Chemical stripping and sandblasting procedures open a “Pandora’s Box” of possible issues, including lead-based paint, EPA approvals, carcinogenic containment, disposal, and damage to the original brick and mortar, the company said.

The Environmental Protection Agency (EPA) recognizes The Brick Painters’ process as a “Proper Method of Encapsulating Lead Based Paint,” according to the company. Lead-based paint encapsulation is an accepted method of permanent lead abatement, under the 2012 U.S. Department of Housing and Urban Development’s Guidelines for the Evaluation and Control of Lead-Based Paint Hazards in Housing.
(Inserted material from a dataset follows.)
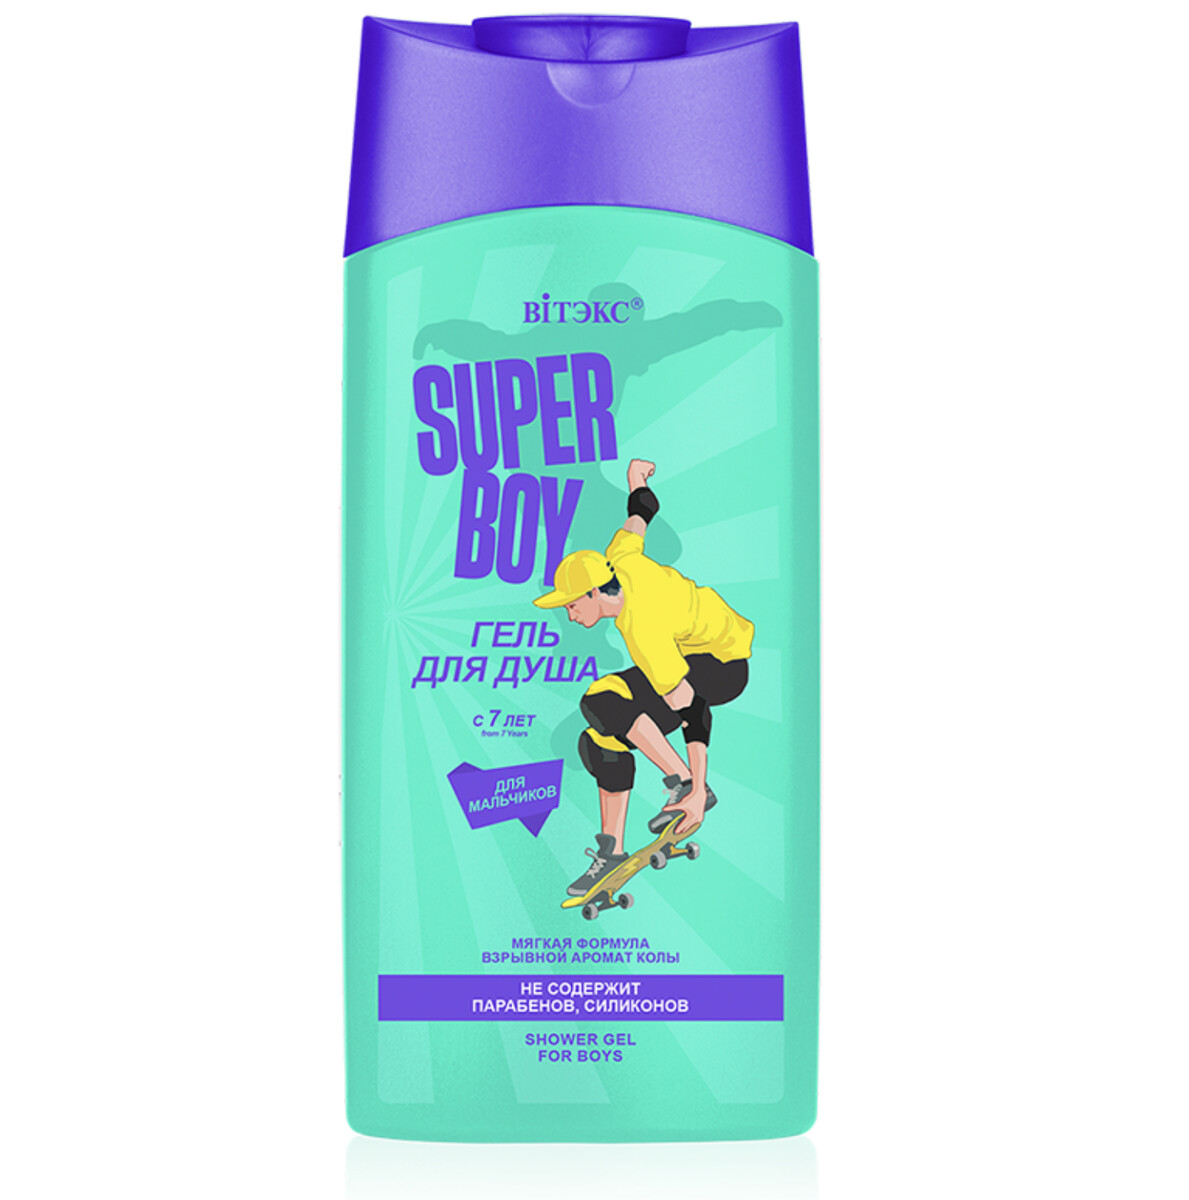 Super boy гель для душа для мальчиков с 7 лет, new 275мл super fruit гель для душа супер банан 450мл

“[This makes] our services a very ‘green’ approach to dealing with existing lead paint situations on previously painted brick,” the company says.

The Projects

Exterior facades of commercial and residential buildings are The Brick Painter’s bread and butter, but the painters do fireplaces, too.

The company has posted details and photos of 27 projects on its website

 The Century Building in downtown Toronto, Ontario, had old peeling white paint and was in desperate need of masonry repairs.
Before: The Century Building in downtown Toronto, Ontario, had old peeling white paint and was in desperate need of masonry repairs.

One of the projects is a bike shop in Statesville, NC, which the state’s Department of Commerce honored with an award for “Best Façade Rehabilitation Project for $10,000 or Less.” The project actually came in under $5,000, Woodworth said.

Other projects include the Century Building in downtown Toronto, Canada; a residence in Essex Fells, NJ; and a business at Niagara Falls, NY.

 The Brick Painters scraped off the loose paint, patched deteriorated masonry, and repainted the building using the company’s faux-finishing technique.
After: The Brick Painters scraped off the loose paint, patched deteriorated masonry, and repainted the building using the company’s faux-finishing technique.

   

Tagged categories: Decorative finishes; Exterior coatings; Faux finishes; Masonry; Sherwin-Williams; Stone

Comment from ELIZABETH FRENCHMAN, (10/18/2012, 10:40 AM)

Could we see a close-up? Intriguing.


Comment from Tom Schwerdt, (10/18/2012, 10:59 AM)

Looks like a nice faux-finish technique. There are some closer photos on the linked page, but it is mostly wide-angle shots. No true closeups.